In reinstating the export ban in 2021, Sakti also laid out efforts to develop the domestic lobster-farming industry to be more competitive with Vietnam’s. The ministry said it would advance aquaculture technology at lobster farms in several districts to improve the survival and productivity rates of the lobsters.

“The development of lobster aquaculture in Indonesia needs the support of various stakeholders in developing lobster feed, raising capital, research, and transfer of technology,” Sakti said.

An official in Bali shows lobster larvae seized from a smuggling attempt. Image by Luh de Suriyani/Mongabay Indonesia.
Indonesia has a thriving black market for lobster larvae. Image by Vinolia/Mongabay Indonesia.

On the monitoring front, the fisheries ministry has also beefed up security at the country’s international airports and at sea. In March, it deployed four speedboats to monitor the waters between the Riau Islands and Singapore, where one of the recent smuggling attempts was foiled. Sakti said his office would continue to raise awareness among fishers to discourage them from exporting lobster larvae.

“We will strongly act against any illegal activity in Indonesian waters,” Adin said. “We call on the smugglers to stop their activity because law enforcers will be ready to monitor our fisheries resources, including lobster larvae.”

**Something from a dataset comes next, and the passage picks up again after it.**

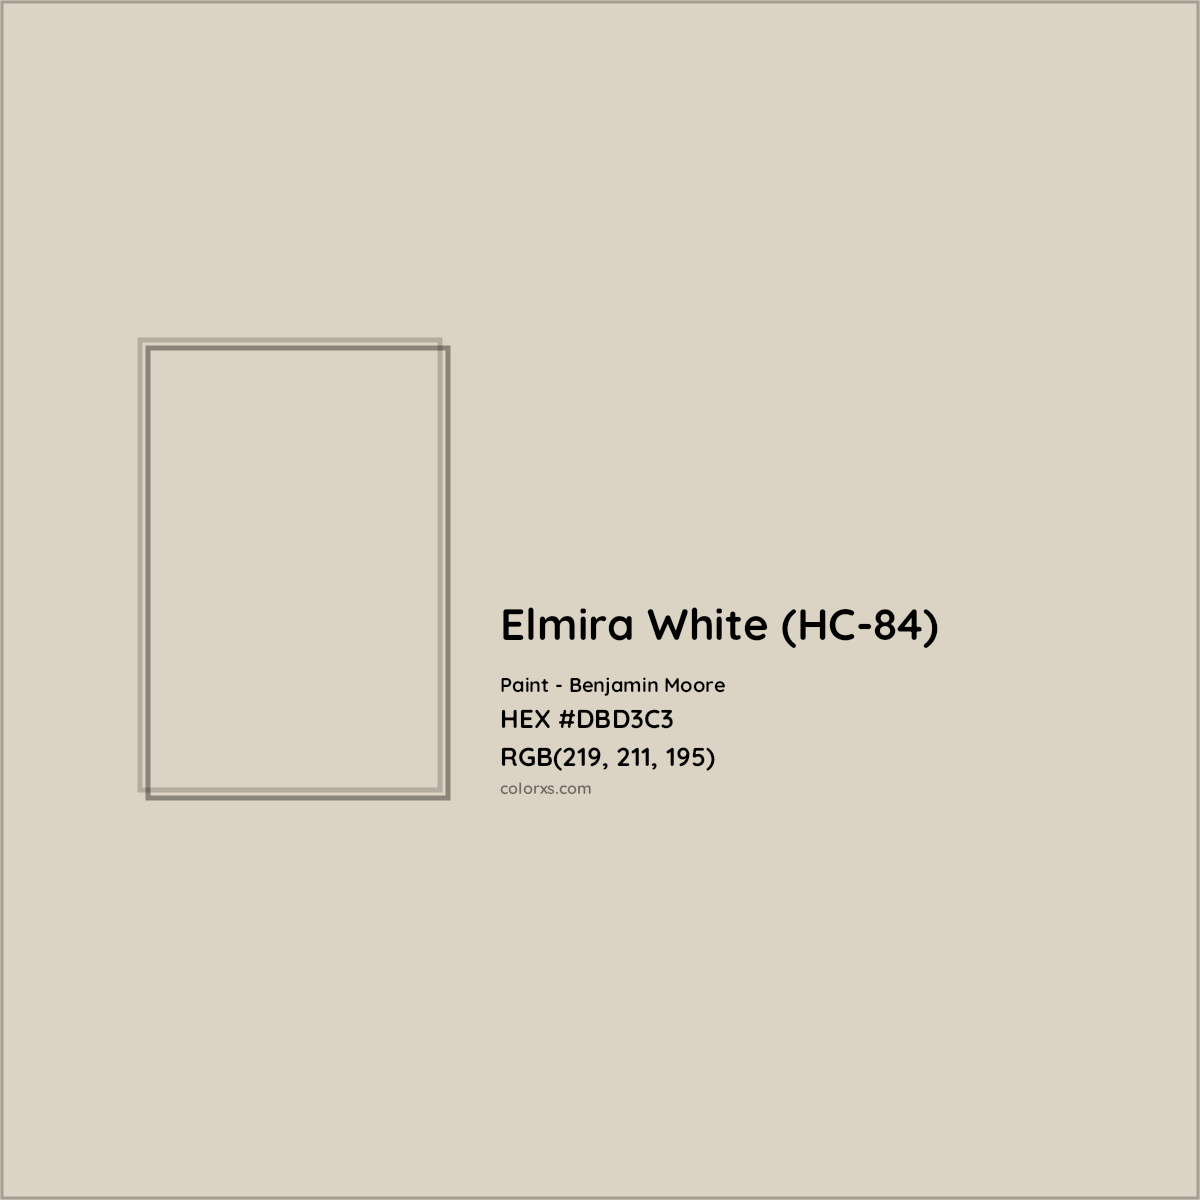 HEX #DBD3C3 Elmira White (HC-84) Paint Benjamin Moore - Color Code

If convicted, violators face up to 16 years in prison and fines of up to 3.5 billion rupiah ($230,000).

Conservationists and policymakers consider illegal exports of lobster larvae a major threat to wild populations. The fisheries ministry puts the latest estimate of potential wild lobster stock in Indonesian waters at 27 billion. But the National Commission for Fisheries Resources Research (Komnas Kajiskan) reported in 2016 that lobsters in six out of 11 officially sanctioned fishing zones were overfished, while the rest were being harvested at maximum capacity.